Every line below needs to be printed again exactly, without any of its pictures.

## DATASET SECTION
%%
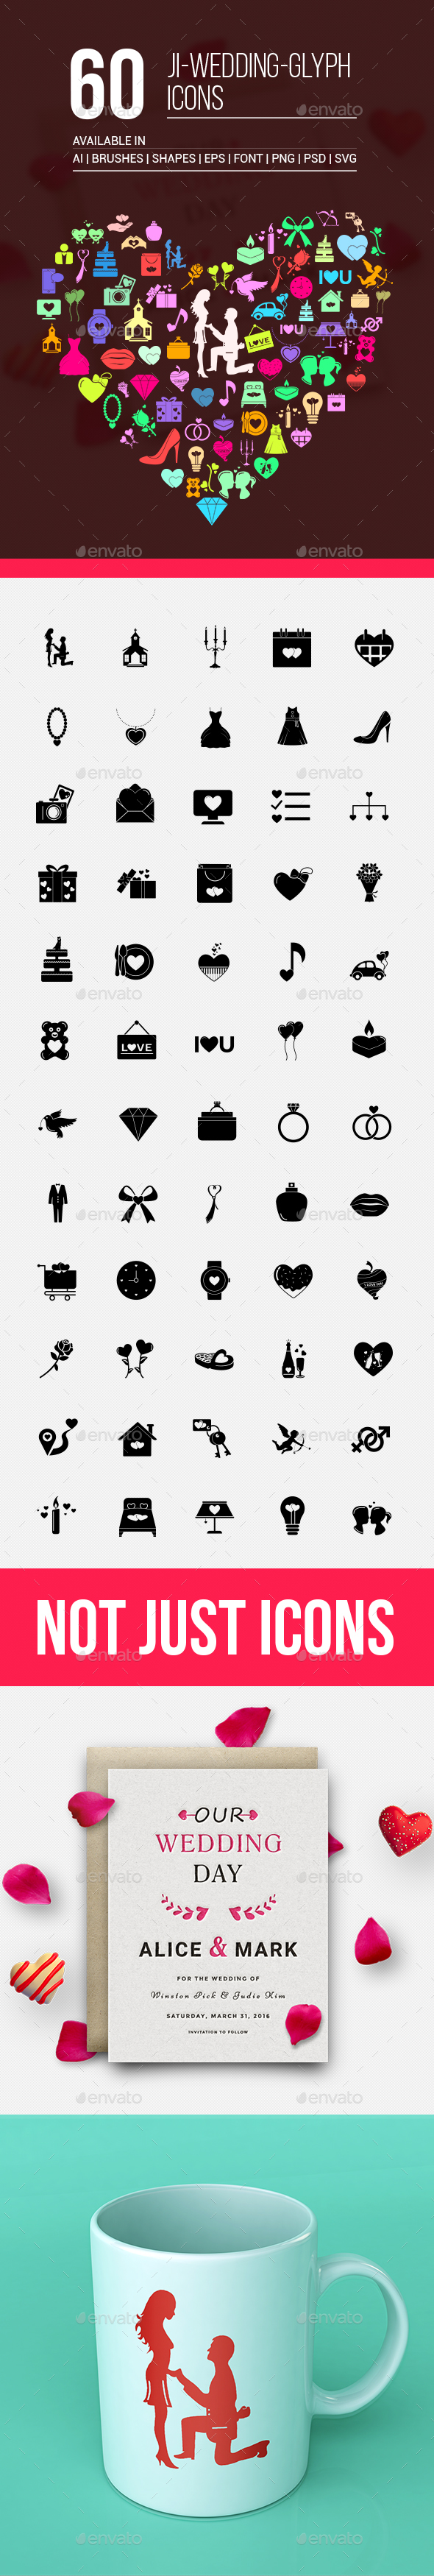 JI-Wedding (60 Icons) - Seasonal Icons
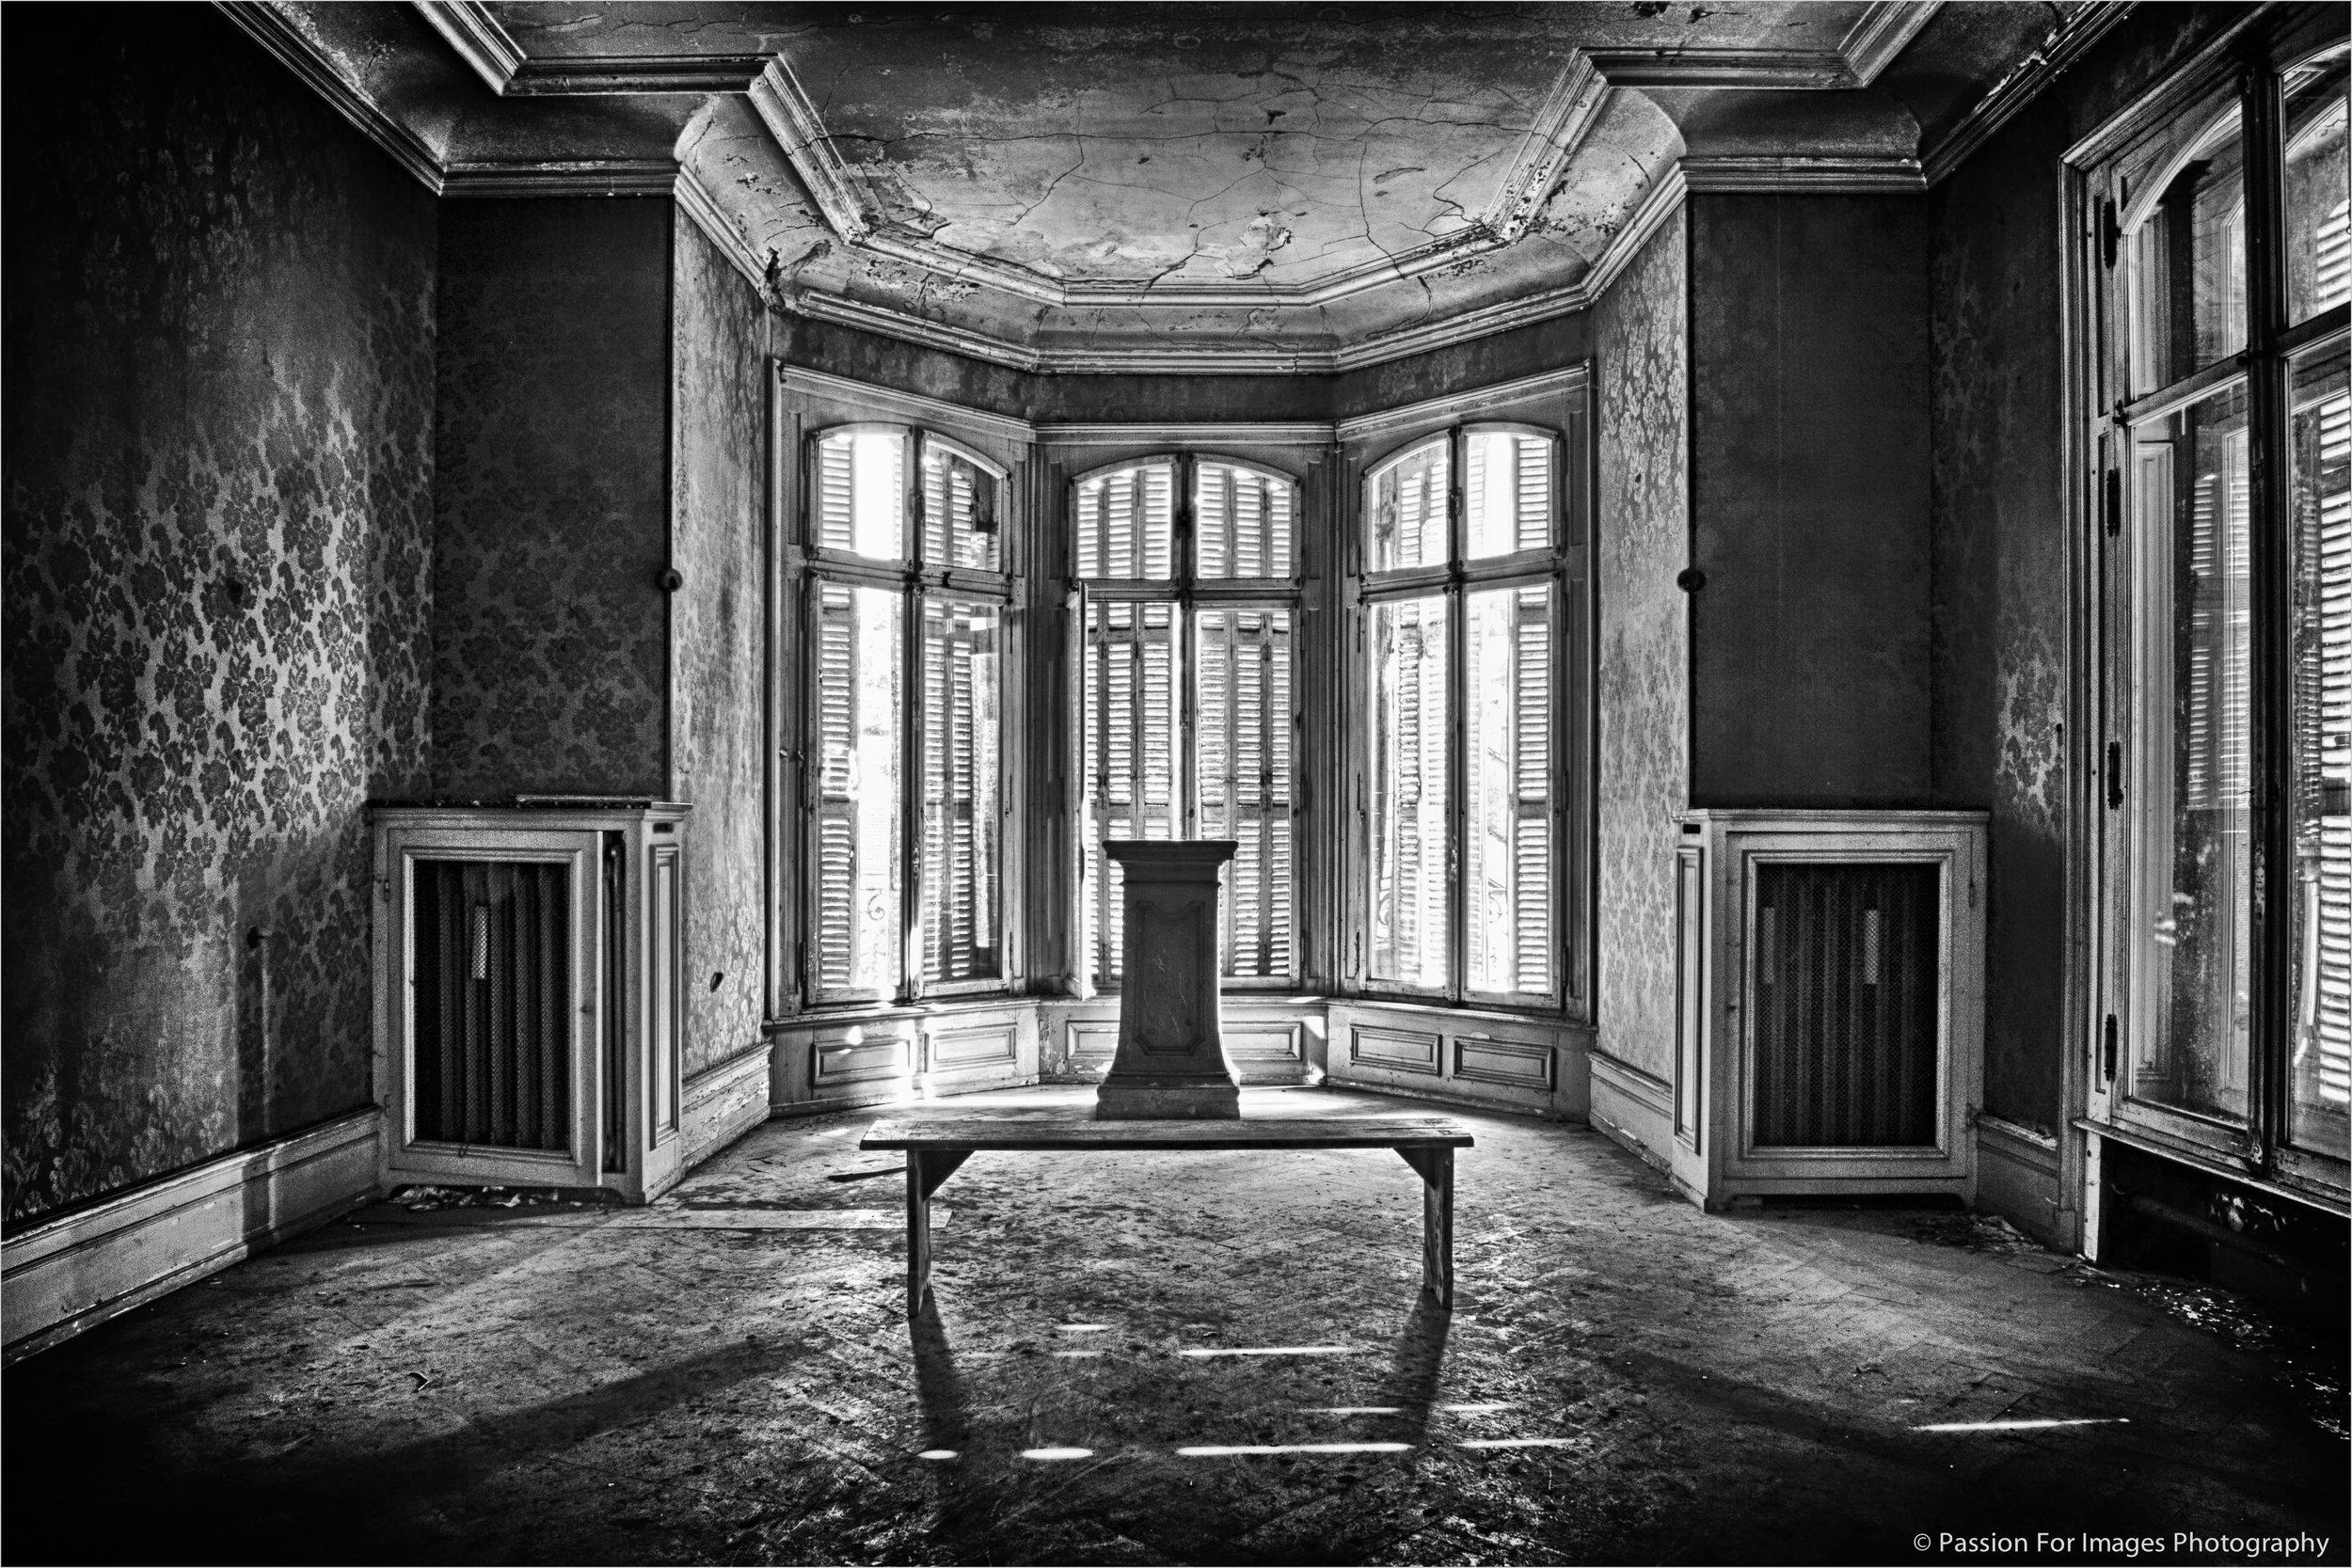 PFI__D7C0629_2014_08_Chateau_Lumiere_HDR-Edit.jpg
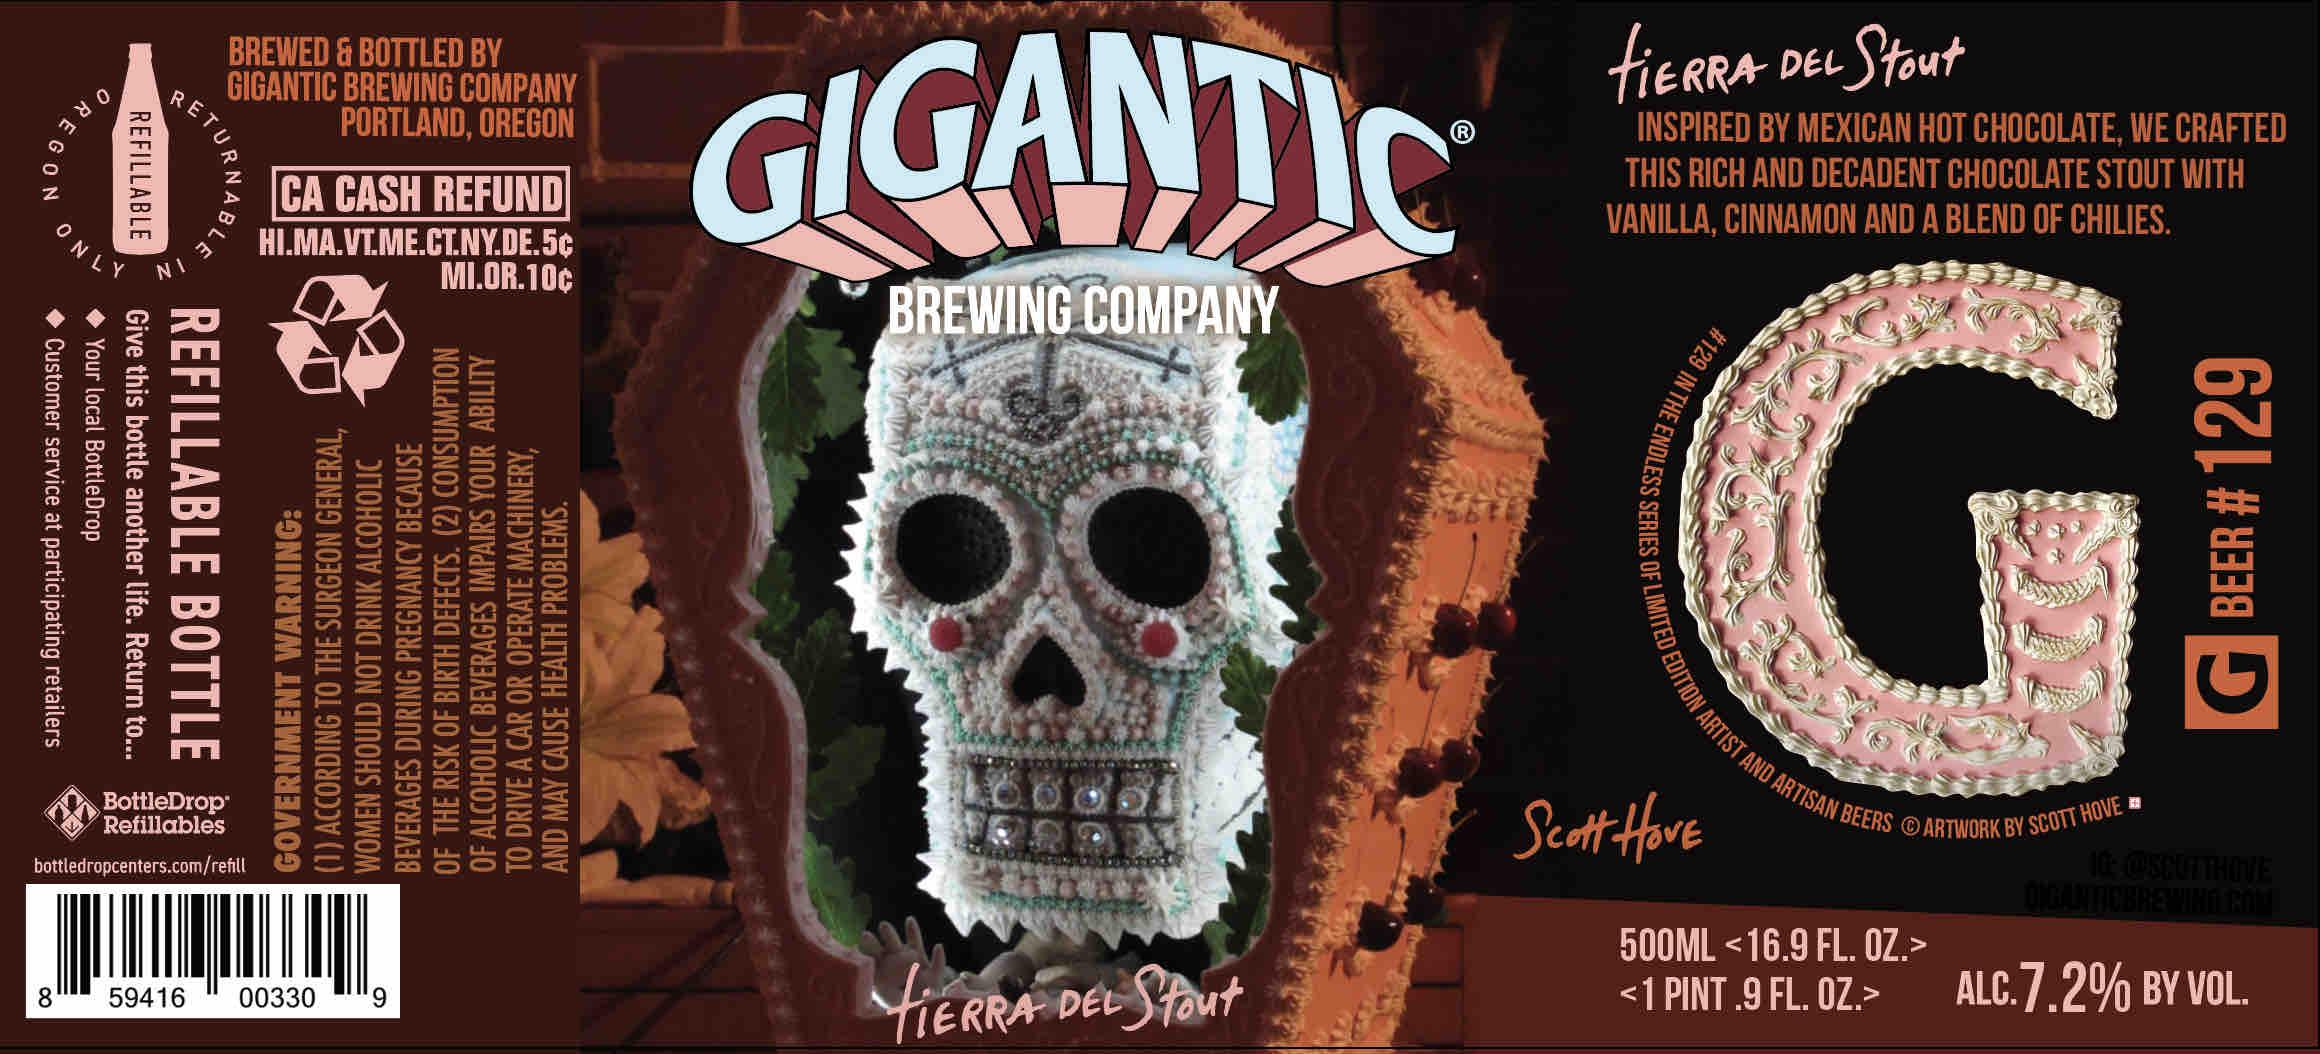 Gigantic Brewing Tierra Del Stout Label by Scott Hove
%%
## EXERCISE ANSWER
 JI-Wedding (60 Icons) - Seasonal Icons
 PFI__D7C0629_2014_08_Chateau_Lumiere_HDR-Edit.jpg
 Gigantic Brewing Tierra Del Stout Label by Scott Hove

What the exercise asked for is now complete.